Regulations are often used in self-serving ways by different factions of the rich to benefit themselves while disadvantaging other wealthy competitors. Those with the most political-economic power hold sway and fashion regulations as they alone see fit. As in other spheres of capitalist life, “might makes right.” Power, not reason or principles, dominates affairs. The main point is that regulations, like laws and policies, are always political. They have a class character to them. Regulations are not neutral or above class interests because we do not live in a classless society.

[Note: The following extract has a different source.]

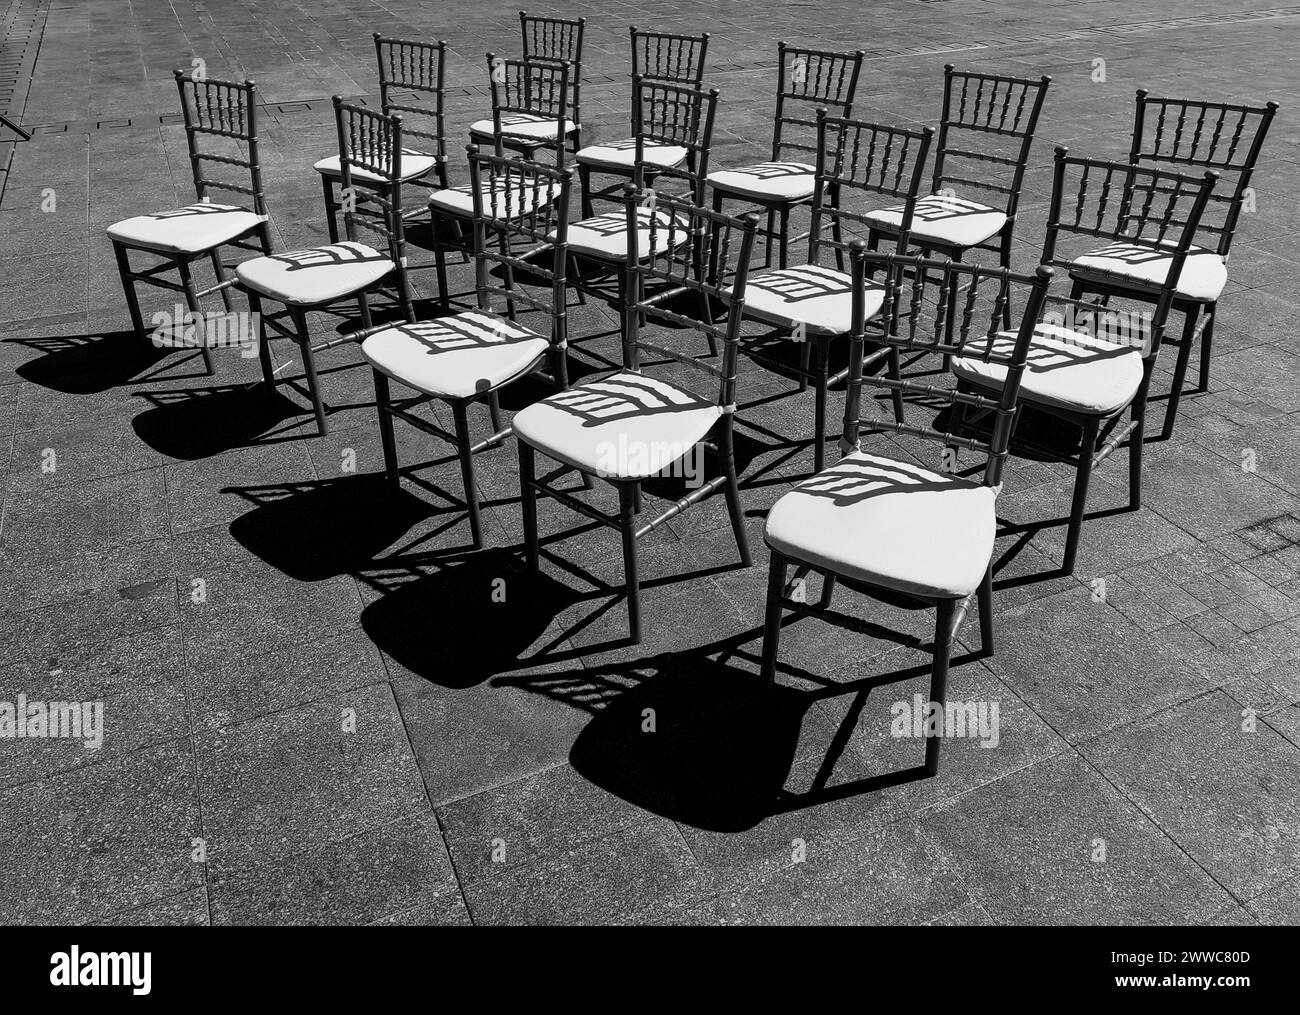 Sièges ensoleillés. Un défilé de 15 chaises sur la place de la ville. Lumière et ombre. Motif et texture. Noir et blanc, monochrome. Banque D'Images

The main question is who is creating or eliminating regulations and for what aims? The key issue is not whether regulations are “good” or “bad”, per se, or how many or how few there are, but which one of the two major classes in society do they serve? Regulations are a tool of class warfare. There is a big difference, for example, between capital-centered regulations verses human-centered regulations. The former serve the wealthy few who dominate society while the latter serve the common good.
Regulations and regulators have, of course, frequently failed to block many “bad behaviors” and problems. Regulation does not always work. Regulation does not automatically guarantee quality or progress. A major example of the failure of regulations and regulators is the Wall Street engineered economic crash of 2008 that has left most economies in awful shape for the last 10 years—with no real and sustainable improvement in sight. Indeed, it appears that there is no returning to even substandard pre-2008 economic levels. Multiple regulatory agencies that have been around for decades did not prevent this still-unfolding economic catastrophe that the mainstream media keeps trying to downplay.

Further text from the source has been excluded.